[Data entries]
--------------------

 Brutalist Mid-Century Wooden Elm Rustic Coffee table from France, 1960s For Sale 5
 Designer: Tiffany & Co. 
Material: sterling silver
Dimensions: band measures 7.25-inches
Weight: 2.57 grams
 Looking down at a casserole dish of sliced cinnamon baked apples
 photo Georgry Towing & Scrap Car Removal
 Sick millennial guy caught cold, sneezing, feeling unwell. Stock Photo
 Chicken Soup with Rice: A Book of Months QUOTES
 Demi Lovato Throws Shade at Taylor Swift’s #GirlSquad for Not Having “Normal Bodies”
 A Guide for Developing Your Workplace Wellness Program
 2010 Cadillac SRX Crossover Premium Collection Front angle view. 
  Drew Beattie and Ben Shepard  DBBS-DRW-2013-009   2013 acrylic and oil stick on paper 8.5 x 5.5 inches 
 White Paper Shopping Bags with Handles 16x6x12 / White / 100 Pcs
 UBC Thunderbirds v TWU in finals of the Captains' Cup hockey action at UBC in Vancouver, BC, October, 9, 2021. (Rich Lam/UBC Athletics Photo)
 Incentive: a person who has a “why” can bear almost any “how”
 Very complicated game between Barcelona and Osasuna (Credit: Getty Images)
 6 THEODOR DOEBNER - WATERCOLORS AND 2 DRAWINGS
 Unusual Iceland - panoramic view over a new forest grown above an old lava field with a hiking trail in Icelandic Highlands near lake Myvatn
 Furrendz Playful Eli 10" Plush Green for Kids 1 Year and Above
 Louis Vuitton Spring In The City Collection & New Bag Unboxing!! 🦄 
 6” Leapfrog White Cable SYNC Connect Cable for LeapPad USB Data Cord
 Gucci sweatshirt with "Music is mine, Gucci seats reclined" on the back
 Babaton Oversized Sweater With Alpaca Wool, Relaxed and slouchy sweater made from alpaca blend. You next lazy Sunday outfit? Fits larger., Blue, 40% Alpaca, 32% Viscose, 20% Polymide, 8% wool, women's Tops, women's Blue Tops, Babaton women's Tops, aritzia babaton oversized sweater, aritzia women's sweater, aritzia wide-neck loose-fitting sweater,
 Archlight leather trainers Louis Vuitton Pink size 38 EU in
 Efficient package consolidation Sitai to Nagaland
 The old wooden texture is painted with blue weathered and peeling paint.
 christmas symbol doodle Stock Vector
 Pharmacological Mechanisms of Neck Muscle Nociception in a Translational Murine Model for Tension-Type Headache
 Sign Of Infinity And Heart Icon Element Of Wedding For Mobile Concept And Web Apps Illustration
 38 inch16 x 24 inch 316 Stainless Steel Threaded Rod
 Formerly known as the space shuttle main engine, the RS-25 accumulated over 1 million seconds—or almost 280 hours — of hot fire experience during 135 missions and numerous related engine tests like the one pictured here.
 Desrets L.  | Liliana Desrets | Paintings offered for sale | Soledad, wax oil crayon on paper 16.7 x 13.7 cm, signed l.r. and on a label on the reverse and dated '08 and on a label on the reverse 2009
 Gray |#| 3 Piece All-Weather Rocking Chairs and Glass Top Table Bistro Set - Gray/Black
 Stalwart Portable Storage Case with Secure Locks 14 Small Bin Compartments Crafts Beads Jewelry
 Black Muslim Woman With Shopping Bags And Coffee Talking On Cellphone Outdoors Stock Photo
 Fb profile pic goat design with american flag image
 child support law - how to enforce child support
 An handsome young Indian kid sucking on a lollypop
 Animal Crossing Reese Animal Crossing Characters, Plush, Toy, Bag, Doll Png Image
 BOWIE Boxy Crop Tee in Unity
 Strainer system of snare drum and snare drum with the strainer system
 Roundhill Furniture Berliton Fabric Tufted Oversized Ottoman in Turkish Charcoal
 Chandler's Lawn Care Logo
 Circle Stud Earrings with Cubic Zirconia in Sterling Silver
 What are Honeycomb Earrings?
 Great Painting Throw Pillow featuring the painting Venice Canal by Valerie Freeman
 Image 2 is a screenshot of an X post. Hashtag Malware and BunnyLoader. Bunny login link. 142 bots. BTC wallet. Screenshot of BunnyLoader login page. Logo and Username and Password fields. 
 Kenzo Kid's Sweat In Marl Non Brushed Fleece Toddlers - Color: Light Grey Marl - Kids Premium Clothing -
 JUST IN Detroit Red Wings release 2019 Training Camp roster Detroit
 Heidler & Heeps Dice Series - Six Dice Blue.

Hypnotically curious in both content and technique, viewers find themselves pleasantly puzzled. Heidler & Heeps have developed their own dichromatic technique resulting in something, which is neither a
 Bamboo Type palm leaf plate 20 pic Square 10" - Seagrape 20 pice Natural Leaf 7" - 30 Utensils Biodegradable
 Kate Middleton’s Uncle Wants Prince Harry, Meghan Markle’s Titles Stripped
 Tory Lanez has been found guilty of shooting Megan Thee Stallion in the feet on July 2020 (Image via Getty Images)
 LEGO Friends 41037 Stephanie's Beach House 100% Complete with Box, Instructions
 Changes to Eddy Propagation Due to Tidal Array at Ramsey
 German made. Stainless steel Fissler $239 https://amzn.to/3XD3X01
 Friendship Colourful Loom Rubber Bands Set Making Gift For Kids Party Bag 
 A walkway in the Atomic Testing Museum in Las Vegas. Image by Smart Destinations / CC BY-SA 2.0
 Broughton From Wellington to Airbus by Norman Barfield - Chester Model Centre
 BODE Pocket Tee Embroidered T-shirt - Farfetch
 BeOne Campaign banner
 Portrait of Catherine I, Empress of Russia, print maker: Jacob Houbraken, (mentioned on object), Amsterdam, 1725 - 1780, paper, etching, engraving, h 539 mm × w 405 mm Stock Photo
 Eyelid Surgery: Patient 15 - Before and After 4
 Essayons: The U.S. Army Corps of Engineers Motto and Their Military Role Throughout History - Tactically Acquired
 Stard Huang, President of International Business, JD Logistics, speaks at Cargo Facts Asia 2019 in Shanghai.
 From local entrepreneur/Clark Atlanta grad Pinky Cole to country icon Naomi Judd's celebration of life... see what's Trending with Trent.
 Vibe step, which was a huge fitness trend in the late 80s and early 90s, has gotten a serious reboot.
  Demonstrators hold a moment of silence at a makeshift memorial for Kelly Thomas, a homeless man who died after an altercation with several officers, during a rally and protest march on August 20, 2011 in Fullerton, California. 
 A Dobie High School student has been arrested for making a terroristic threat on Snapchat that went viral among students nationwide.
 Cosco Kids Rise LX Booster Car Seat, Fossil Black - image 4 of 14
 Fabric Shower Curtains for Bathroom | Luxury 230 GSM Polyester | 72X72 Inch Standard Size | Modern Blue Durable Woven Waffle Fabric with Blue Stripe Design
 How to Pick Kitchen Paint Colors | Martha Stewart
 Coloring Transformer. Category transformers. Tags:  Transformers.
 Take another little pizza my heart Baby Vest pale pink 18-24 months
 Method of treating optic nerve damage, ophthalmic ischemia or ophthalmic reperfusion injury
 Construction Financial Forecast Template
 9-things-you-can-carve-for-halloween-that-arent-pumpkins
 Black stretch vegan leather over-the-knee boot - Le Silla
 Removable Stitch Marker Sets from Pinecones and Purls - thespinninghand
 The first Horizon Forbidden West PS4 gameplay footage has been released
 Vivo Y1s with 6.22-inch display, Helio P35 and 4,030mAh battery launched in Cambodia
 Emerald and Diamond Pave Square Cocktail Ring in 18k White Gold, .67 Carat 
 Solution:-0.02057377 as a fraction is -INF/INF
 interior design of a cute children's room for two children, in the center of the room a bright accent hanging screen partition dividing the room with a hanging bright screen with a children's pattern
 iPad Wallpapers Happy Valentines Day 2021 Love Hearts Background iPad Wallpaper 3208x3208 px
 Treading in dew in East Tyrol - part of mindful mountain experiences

--------------------

A verbatim transcription is needed of the lines above, starting at the line with "Removable Stitch Marker" and ending at the line with "iPad Wallpapers Happy", both included, and of nothing else.

#### Solution to the exercise
 Removable Stitch Marker Sets from Pinecones and Purls - thespinninghand
 The first Horizon Forbidden West PS4 gameplay footage has been released
 Vivo Y1s with 6.22-inch display, Helio P35 and 4,030mAh battery launched in Cambodia
 Emerald and Diamond Pave Square Cocktail Ring in 18k White Gold, .67 Carat 
 Solution:-0.02057377 as a fraction is -INF/INF
 interior design of a cute children's room for two children, in the center of the room a bright accent hanging screen partition dividing the room with a hanging bright screen with a children's pattern
 iPad Wallpapers Happy Valentines Day 2021 Love Hearts Background iPad Wallpaper 3208x3208 px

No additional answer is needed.